Cattle trade at higher prices in the North
USDA Mandatory reported cattle trading was light in Nebraska and Iowa on Friday afternoon on moderate to good demand. Compared to last week early dressed sales were 2.00 to 3.00 higher at 205.00. However at midafternoon many feedlot managers were passing bids of 205.00 and holding out for 207.00 or better. Trading remained inactive in all other areas. Southern producers were asking 130.00 to 132.00 live. The weekly cattle kill was estimated at 519,000 head, 40,000 more than last week, and 42,000 less than last year.
Boxed beef cutout values were lower on moderate demand and moderate offerings. Choice beef was down .65 at 194.26, and select was 1.06 lower at 182.22.
Chicago Mercantile Exchange live cattle contracts settled 15 to 90 points lower on the lack of follow through buying support after Thursday’s triple digit gains. The market remained mixed much of the session but contracts faded due to the lack of new developments in the market and no additional buyers stepping up to the plate. There was some profit taking and bear spreading in the complex. February settled .90 lower at 132.95, and April was .55 lower at 136.77.
Feeder cattle settled 42 to 142 points higher despite the lack of support from the live pit. Lower corn values were supportive to feeder futures. January settled .82 higher at 153.17, and March was 1.42 higher at 156.32.
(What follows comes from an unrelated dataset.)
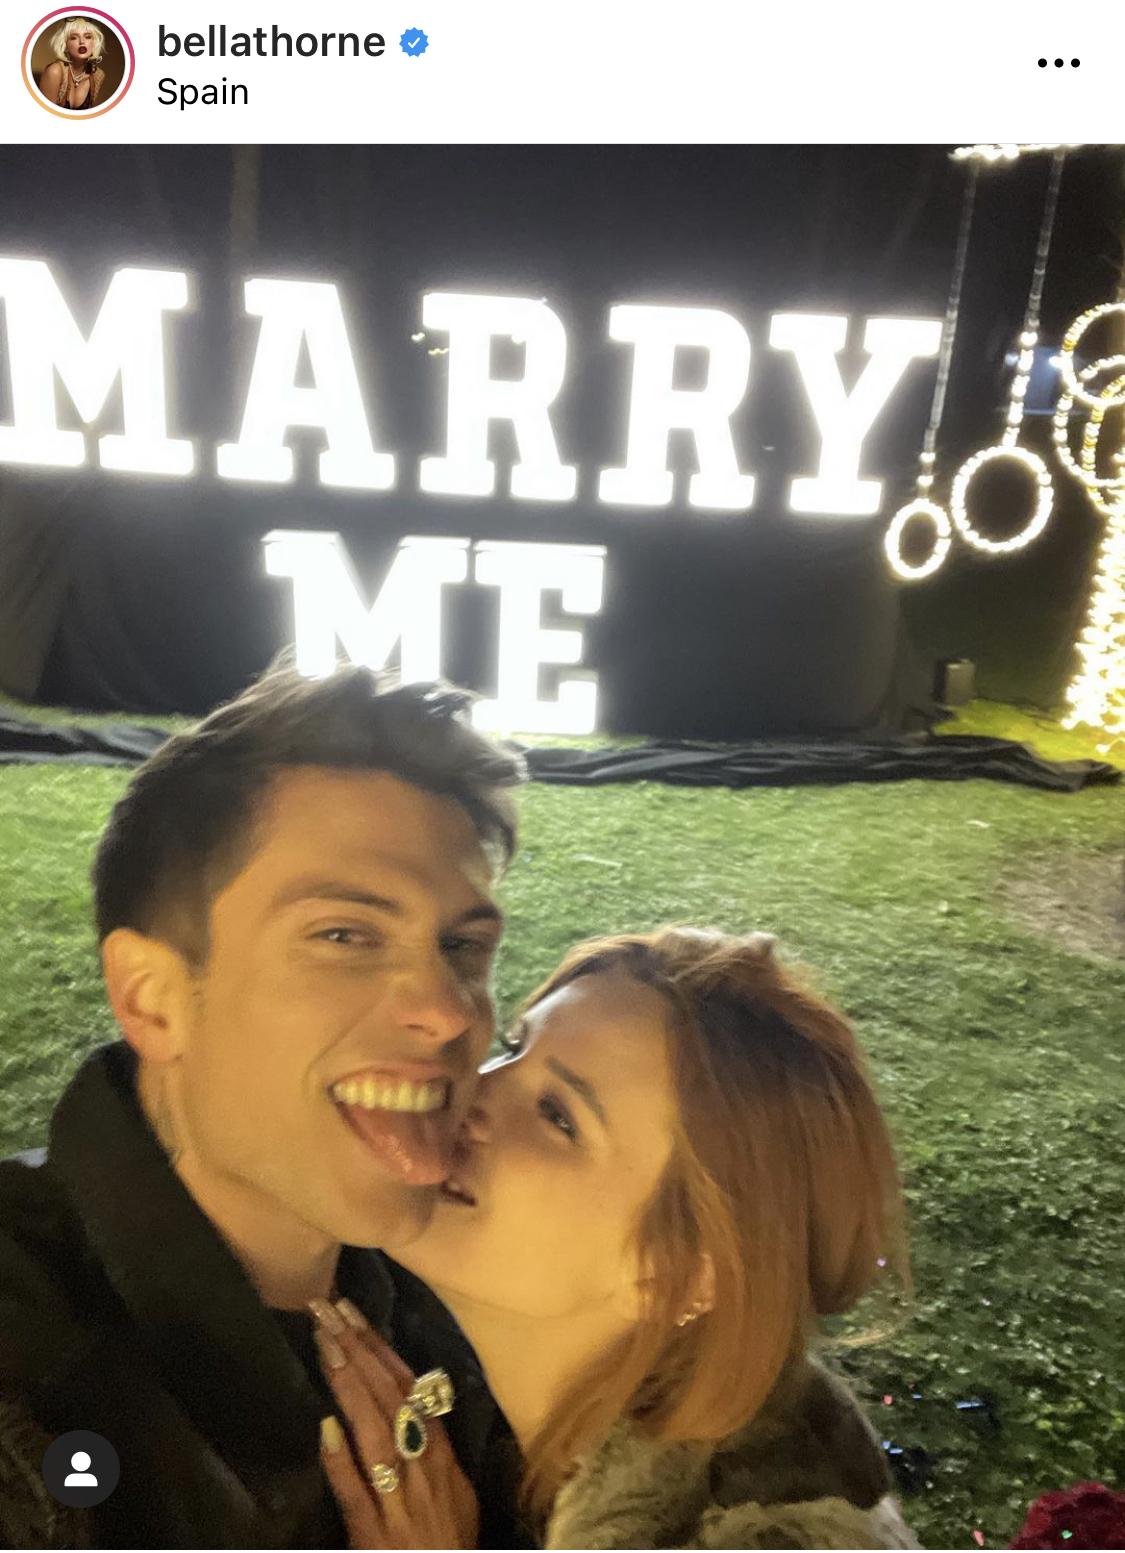 Former Disney Star Bella Thorne is Now Engaged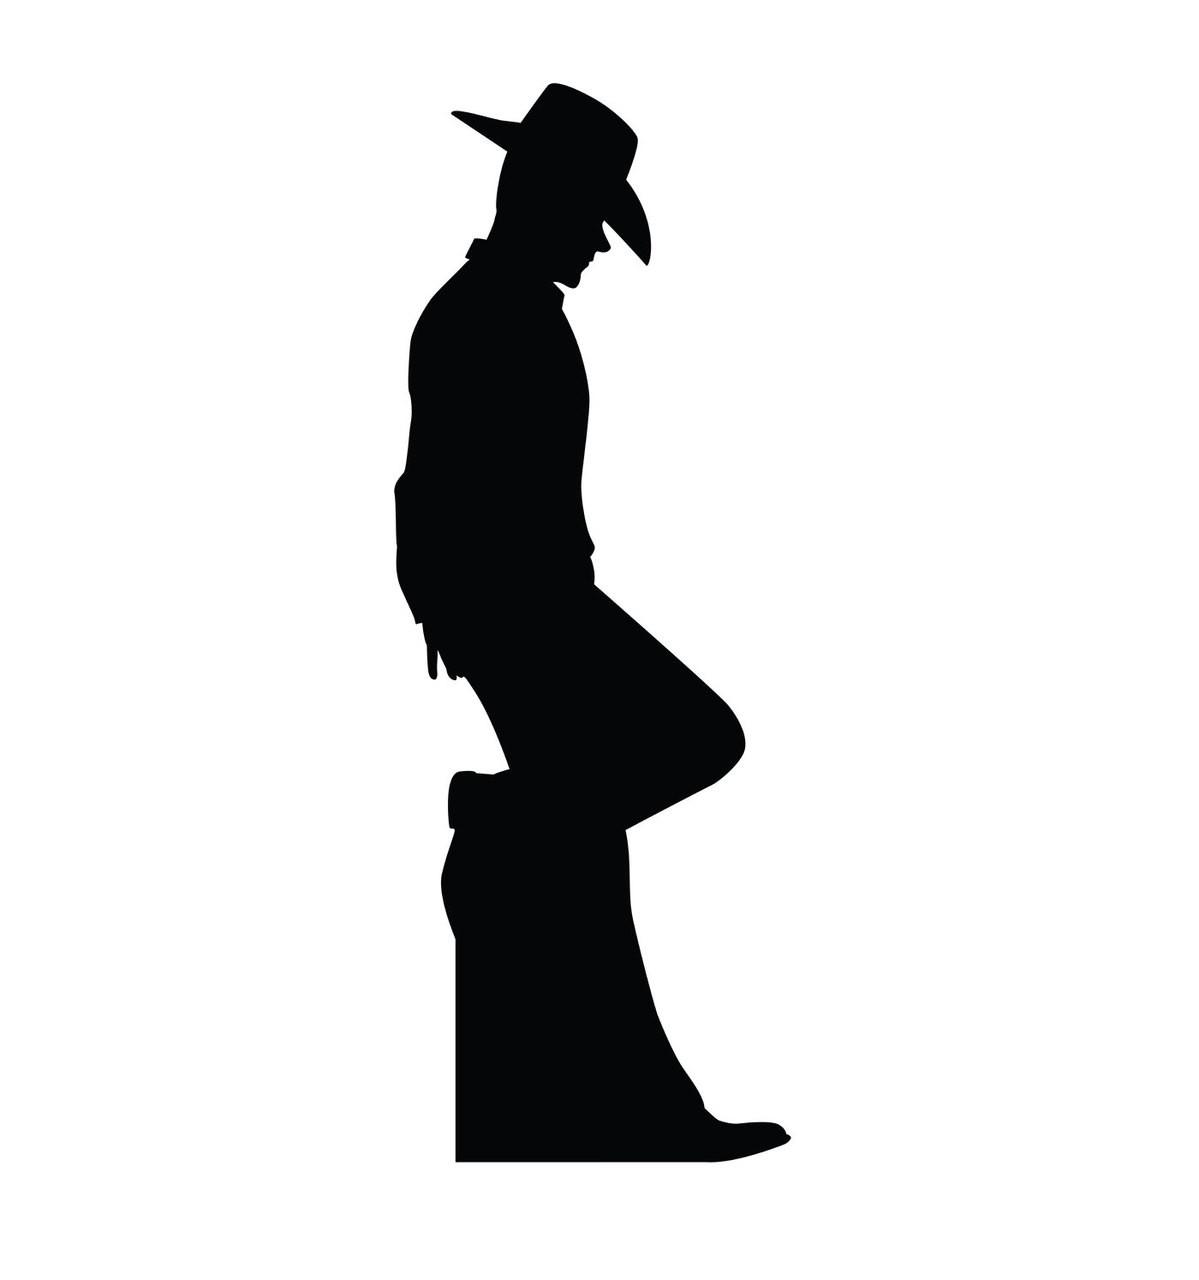 Cowboy Silhouette - Cardboard Cutout 2317

Feeder cattle receipts at Missouri auctions this week totaled 16,102 head. Compared to the last sales held two to three weeks ago, most reporters indicted a higher trend with few comparisons to be made on the statewide report. Optimism is certainly present for the cow-calf producer with limited supplies and buyers are ready to start filling some orders over the next few weeks. Supply was light with a limited number of auctions being held. Feeder steers medium and large 1 averaging 728 lbs. brought 150.24 per hundredweight. 578 lb. heifers traded at an average of 147.92.
Lean hogs settled unchanged to 60 points lower after seeing moderate to strong support that developed in the morning across the lean hog futures market. Traders had expected to see light to moderate support in the cash market at the end of the week, however much of the direct trade was not reported due to confidentiality. The market turned lower from pressure surrounding the uncertainty of demand for pork. February settled .17 lower at 86.22, and April was down .32 at 89.85.
There was moderate market activity, with moderate demand in the hogs on Friday. Barrows and gilts in the Iowa/Minnesota direct trade closed 1.96 higher at 84.06 on a carcass basis, the West was up 2.13 at 83.68, and the East was down .82 at 80.47. Barrows and gilts at the terminals closed steady from 51.50 to 56.00 live. The Missouri direct base carcass meat price was not reported on Friday.
Pork trading was moderate with light to moderate demand and offerings. Pork carcass cutout value was up .36 at 83.46.
The weekly hog slaughter was estimated at 1,975,000 head, 220,000 more than Christmas week and 89,000 less than last year.